Aweti

Total population
- 192 (2014)

Regions with significant populations
- Brazil ( Mato Grosso)

Languages
- Aweti, Kamayurá, Portuguese

Religion
- Traditional tribal religion, Christianity

= Aweti =

Ethnic group of Xingu River, Brazil

The Aweti people are a group of Indigenous Brazilians living in the Xingu Indigenous Park, close to the headwaters of the Xingu River in Brazil. The Aweti inhabit two villages in the region. One is called Tazu’jyretam, and the other is unnamed. Tazu’jyretam is the main village of the Aweti people, and has been inhabited since at least the 19th century. Tazu’jyretam also has a small port. Both of these villages are located in an area between the Curisevo and Tuatuarí rivers, which feed into the Xingu further upstream. Their population was 196 in 2011, up from 140 in 2006. The Aweti people live in a multilingual area due to various indigenous people settling there from various regions. In search of refuge many people have relocated to the reserve as a result of European colonialism.

==Name==
The Aweti are also known as the Arauine, Arauite, Aueti, Aueto, Auiti, Awetö, Awytyza, Anumaniá, Auetö, or Enumaniá people.

==History==
The Aweti people likely formed from several other tribes which entered the Xingu region in the 17th or 18th century. It wasn't until the late 19th century that the Aweti and other tribes in the region were documented by European explorers, coming from Germany. Although there was not much communication between the Aweti and European settlers from then onward for several decades, the brief expeditions into the jungle from explorers were enough to introduce diseases into the community to which the Aweti and their neighbors had no acquired immunity. By the time of the 1950 census, the Aweti counted only 23 people. Despite this, the Aweti did not become extinct or merge with other tribes like some of their neighbors.

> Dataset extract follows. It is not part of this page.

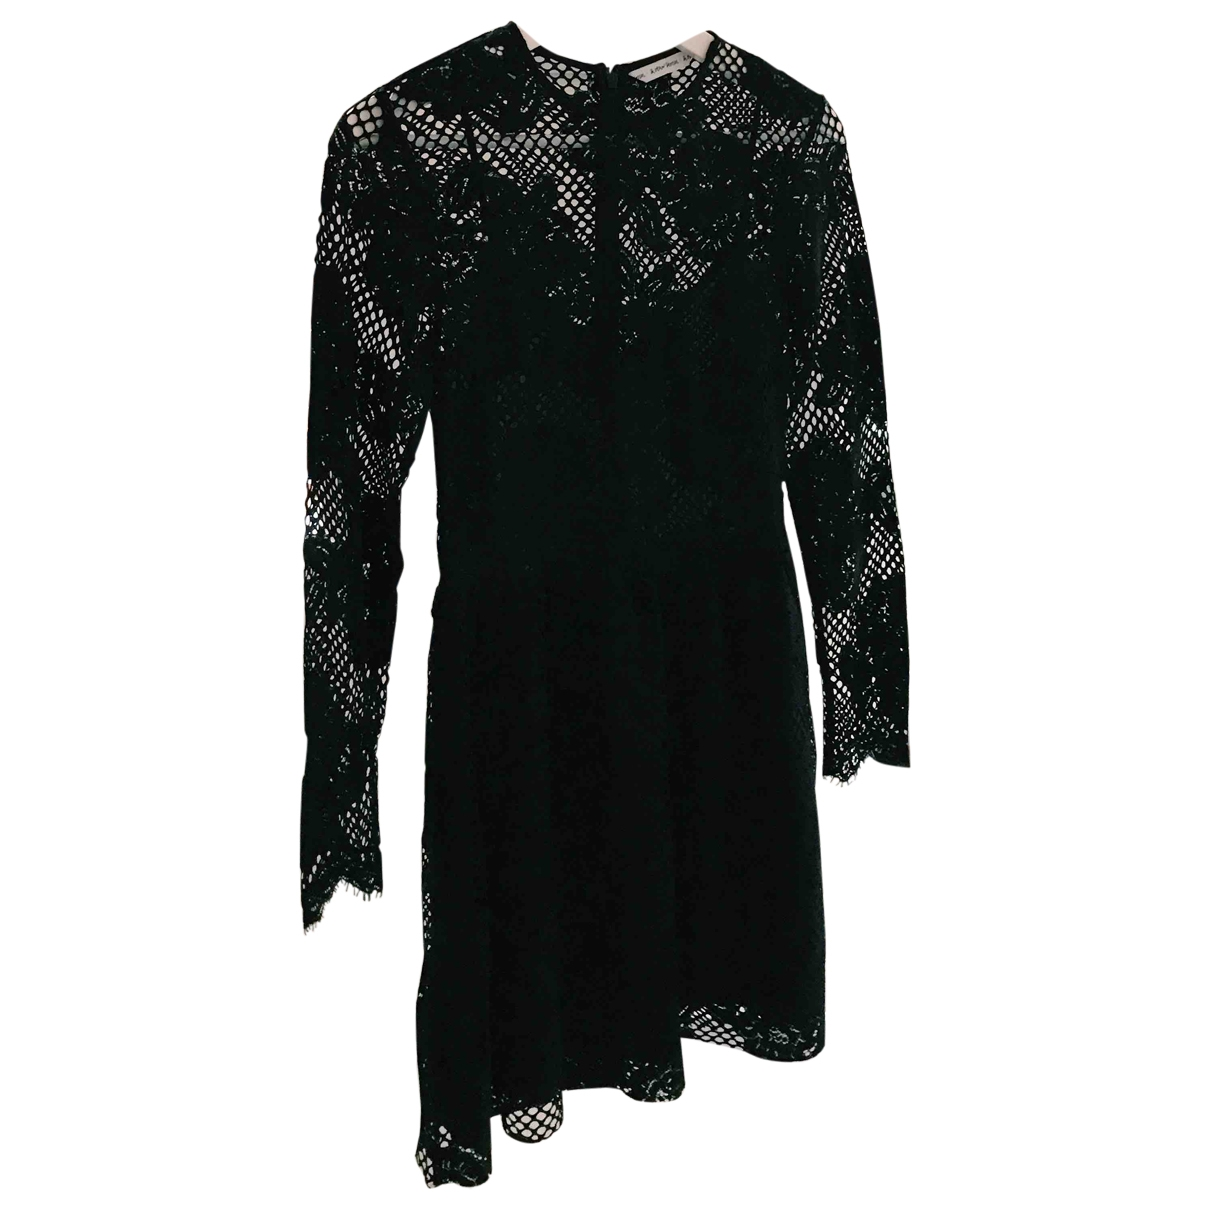 & Other Stories - Robe   pour femme en dentelle - noir

When the Xingu Indigenous Park was set up in the 1960s, the Aweti population recovered significantly, to 176 people in 2010. This was a result, largely, of better medical care being offered to the people in the region by the Brazilian government. Contact with the outside world increased as well, however, threatening the native language and culture of the Aweti.

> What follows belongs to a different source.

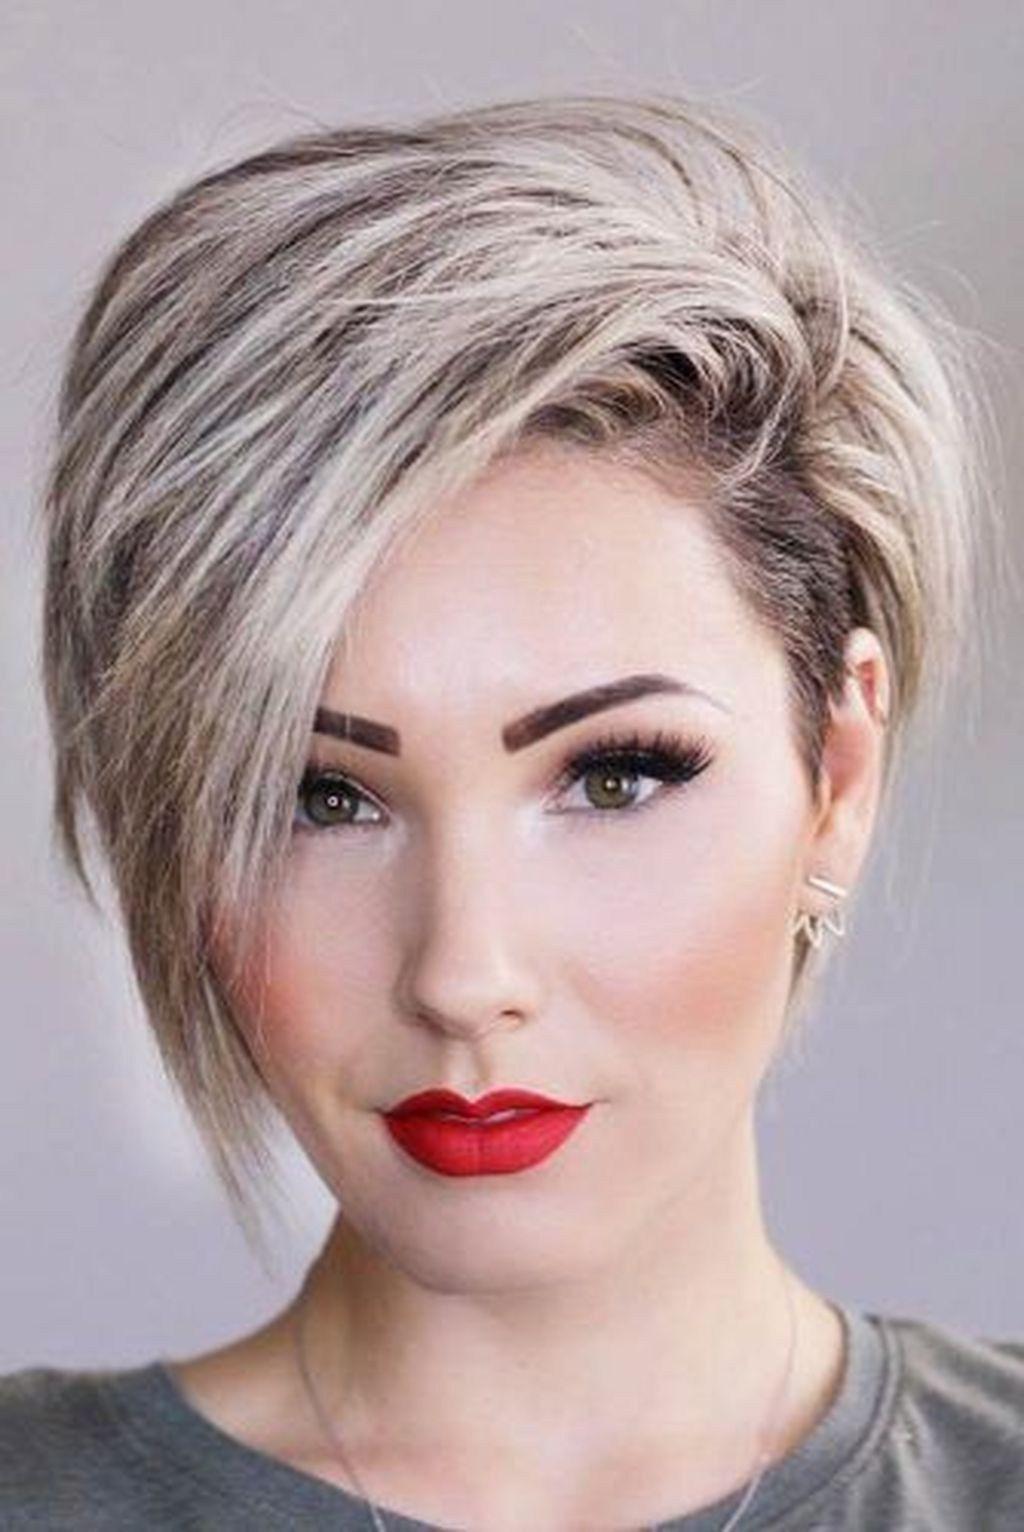 18 Beautiful Short Pixie Hairstyles: Short Hair Trends 2015

At some point after the year 2000, the second Aweti village was set up by an extended family and some of their allies who wished to split from the main Aweti tribe. This included some 35 people, causing the population of the main village to drop from 125 people to 90.

==Culture==
Aweti villages are built with several huts surrounding a central plaza, which is used for rituals, including funeral rites. This is characteristic of villages built in the area around the Xingu headwaters. A men's hut is also located in the center of the village, and is used for holding ritual flutes which are not allowed to be seen by women.

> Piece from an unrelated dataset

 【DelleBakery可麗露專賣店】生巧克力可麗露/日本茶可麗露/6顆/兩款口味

Chiefs, decided by heredity, lead the Aweti villagers and serve as diplomats with other upper Xinguan groups. Currently, the chief of the Aweti is a man named Yalakumin.

Inter-tribal trade and rituals among the people of the upper Xingu are common, with the Aweti trading goods such as vegetable salts and hammocks, made from Burití palm trees. The Huka-huka wrestling contest is a popular intertribal sport. Many tribe members from the upper Xinguan cultural groups also choose to find husbands or wives from other tribes.

==Language==
The Aweti language is a member of the Tupian language family, although it is unique and distinctive. Because of contact with outsiders, however, some Aweti tribal members can also speak Portuguese, the majority language of Brazil. Children are educated in Portuguese at an Aweti tribal school.

In the new village created in the Aweti tribal area, many people, especially younger individuals, speak Kamayurá better than Aweti. All of the people in the new village speak at least one language other than Aweti.

==Subsistence==
The Aweti fish, hunt, and farm. Their primary crops are maize and manioc.